Plasmas produce many different forms of energy including heat, light and electromagnetic radiation (EMR) such as radio waves and X-rays. These EM effects can be controlled by altering the power supply, method of excitation, plasma geometry and composition and gas flow rates. Plasma science is a highly multidisciplinary area of research, with applications in materials science, biotechnology and medicine. The success of LTP technology in commercial products often depends on the ability to control the various physical effects.
Among the most well-known examples of commercial technology that commonly uses plasmas are fluorescent lamps, flat panel displays and space exploration. Plasma technologies have made significant contributions to reducing the environmental and economic costs of lighting and display systems.
For example, the plasma-based electric propulsion thrusters used to keep communications satellites in their desired orbits are an established technology that has been adapted for use on deep space missions. The gridded ion thruster system used by NASA on its Dawn mission to visit an asteroid and the ESA's BepiColombo mission to reach Mercury have both utilized plasma propulsion.

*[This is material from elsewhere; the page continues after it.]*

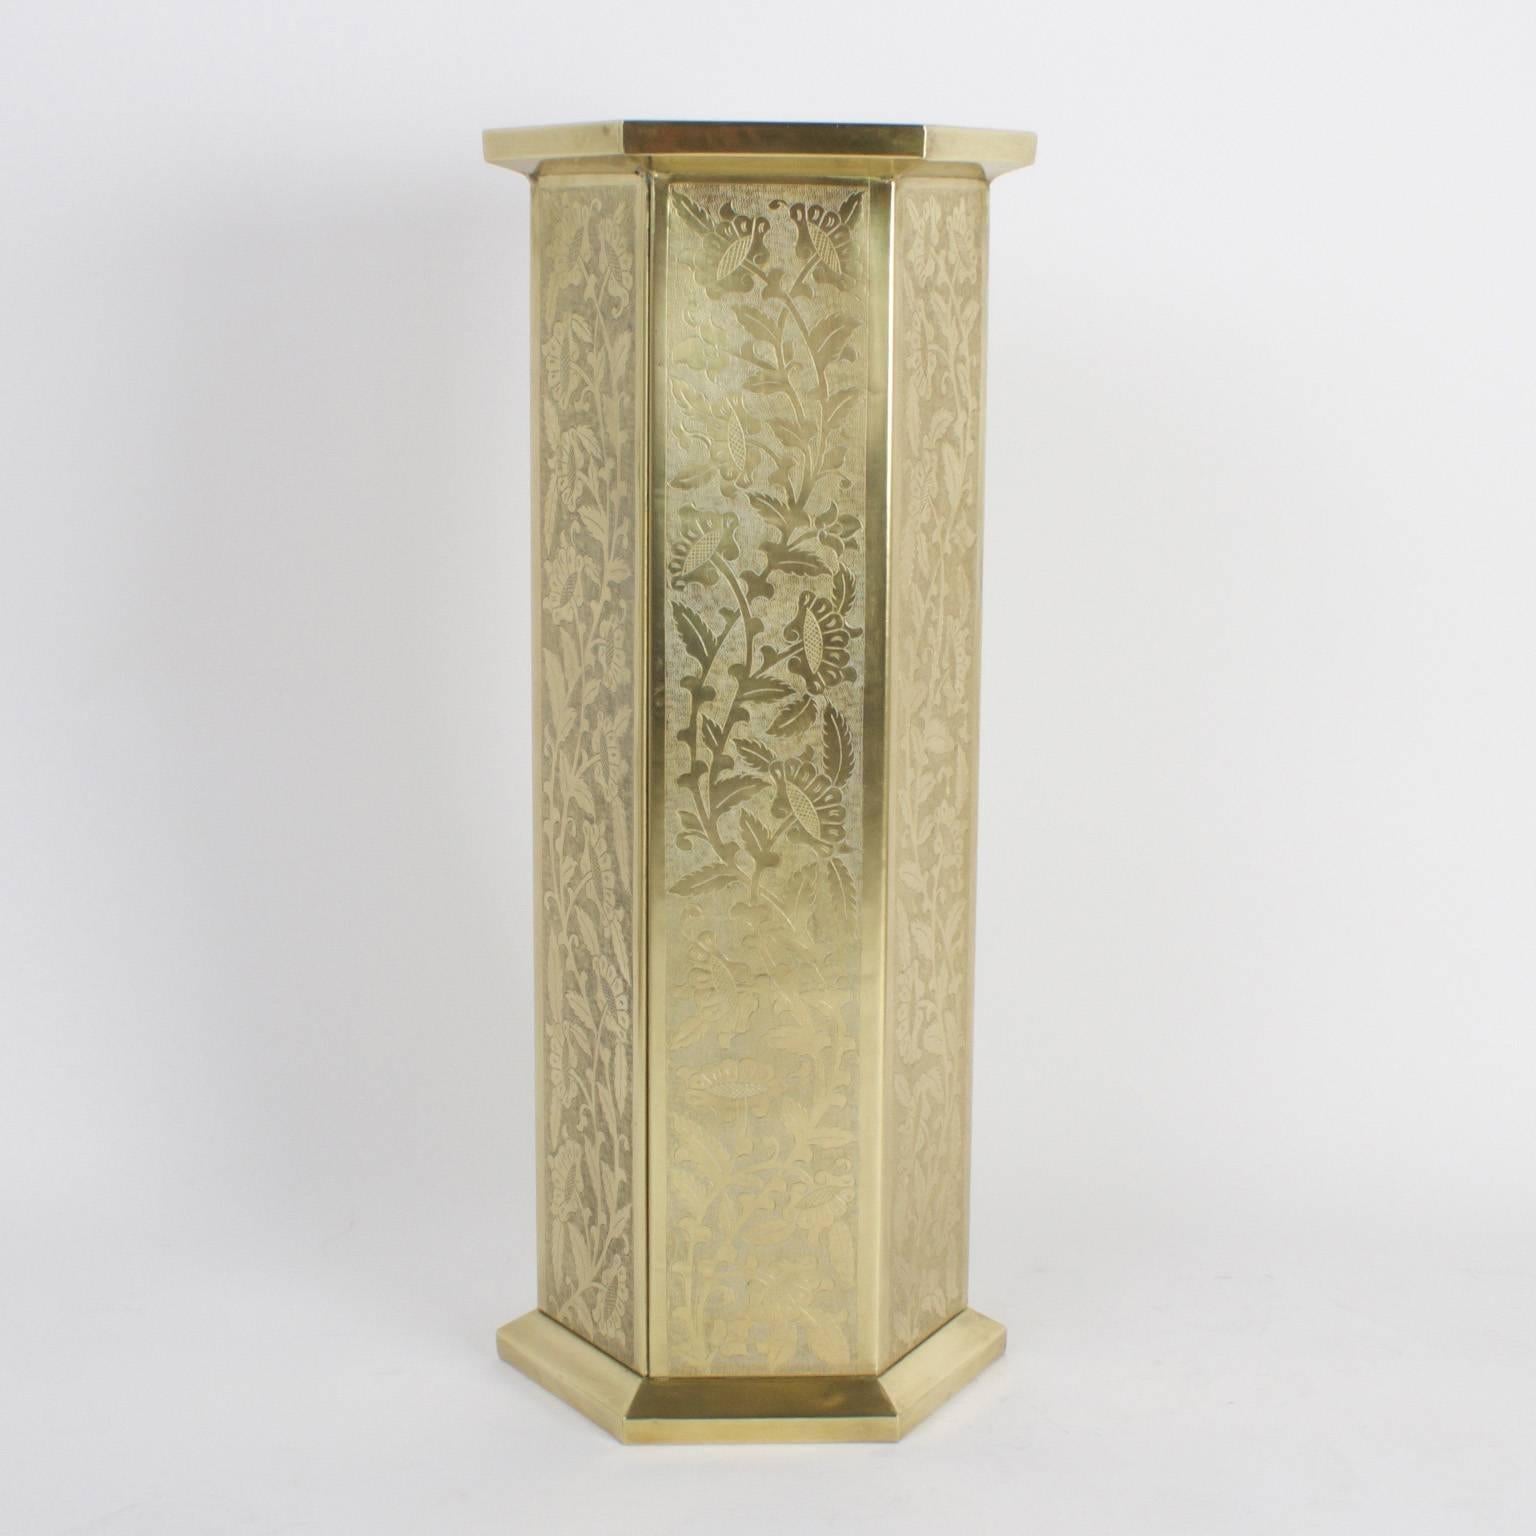 Spirited pair of brass pedestals or stands with lively hand-hammered floral patterns on all six panels. Hand polished and lacquered for easy care.
  

The first large flat panel display televisions were plasma-based, and they continue to hold a significant market share today against competing technologies such as liquid crystal displays (LCD). Plasma display technology relies on small cells filled with a mixture of gases that respond to an applied voltage. When the cell is activated, electrons strike mercury particles in the cell and cause them to shed photons of a particular color. Changing the voltage applied to the cell causes the displayed image to shift.